They are words that were once used to describe Chuck Daly and his style of managing his Bad Boys.

Saunders might have done all those aforementioned things this season as he guided the Pistons to a 64-18 record, but he is no Chuck Daly. And that’s not a bad thing.

Saunders seems to have a lot of “gee, whiz” about him. He is, compared to Daly, almost Perry Como-like in his relaxed state. He could coach in a cardigan sweater and not be out of place.

When Daly arrived in Detroit, he was an unknown – an old Ivy League guy who’d had one NBA shot, in Cleveland, and had a partial season record with the Cavaliers so miserable he probably wished it could be put into a time capsule and buried, struck from the NBA’s books entirely. He was 53 years old, and yet nothing he had accomplished in his basketball life excited the folks around here too much.

Flip Saunders was hired last summer with one basic charge: Don’t screw anything up. For the Pistons had had far more success in the previous two seasons than Saunders had managed in ten seasons coaching the Minnesota Timberwolves.


Flip "Perry Como" Saunders

And so Saunders is credited with taking the offensive shackles off Chauncey, Rip, and Tayshaun. Another group of hardcourt heroes with one-word names. He was, by all accounts, the perfect antidote to Larry Brown.

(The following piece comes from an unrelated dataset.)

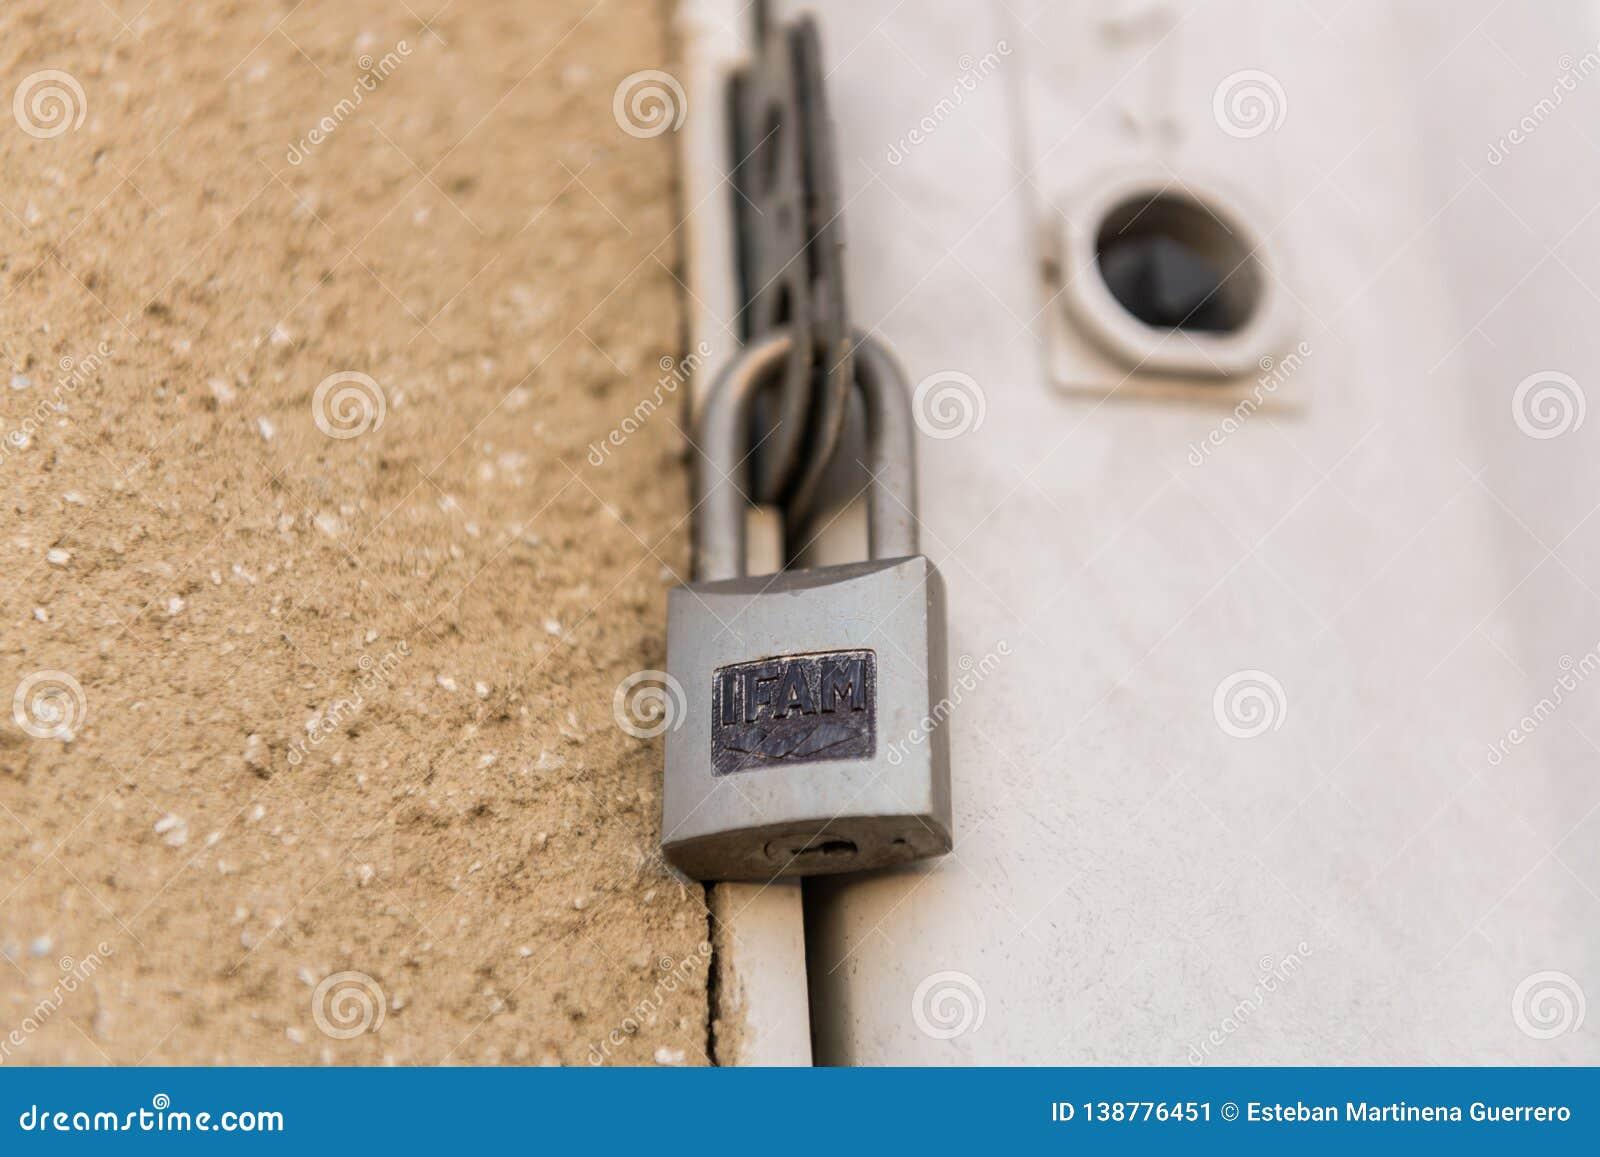 IFAM kędziorek zamyka drzwi elektryczny panel w Caceres, Extremadura, Hiszpania

To say that Flip Saunders merely rolled the basketballs out in practice for 82 games and let the boys play would be far too simplistic and disrespectful. But he certainly didn’t have to do nearly as much in his first season in Detroit as Daly had to do in his.

In the recently completed series with the Cavaliers, whispers spread around town that Saunders was being outcoached by Cleveland’s Mike Brown. Never were those whispers louder than when the Pistons fell behind their inferior opponent in the series, 3-2. Suddenly, Saunders’ “hands-off” approach was being vilified as being too laissez-faire.

I was one who wondered whether Saunders had it in him to coach the Pistons out of the Cavaliers series.

“Now, when a little smothering might be in order, it's questionable whether Saunders -- especially in 36 hours -- can muster the guile needed for such a chore,” I wrote in my “Out of Bounds” blog in the wake of Game 5’s surprising loss.

You might ask how one can write when his hands are wringing. And, unfortunately, you do not write a blog in invisible ink.

Saunders did indeed have what it took to coach the Pistons out of the Cleveland paper bag. There were defensive adjustments made at halftime of Game 7 that sealed the deal – along with a heady insertion of Lindsey Hunter into the game late in the third quarter that helped balloon the Pistons’ lead from one to ten points awfully quickly.

The naysayers were out after Game 1 of the Eastern Conference Finals – a loss. They retreated a bit after Game 2 – a win.

But with Saunders, the glass is now half-full again.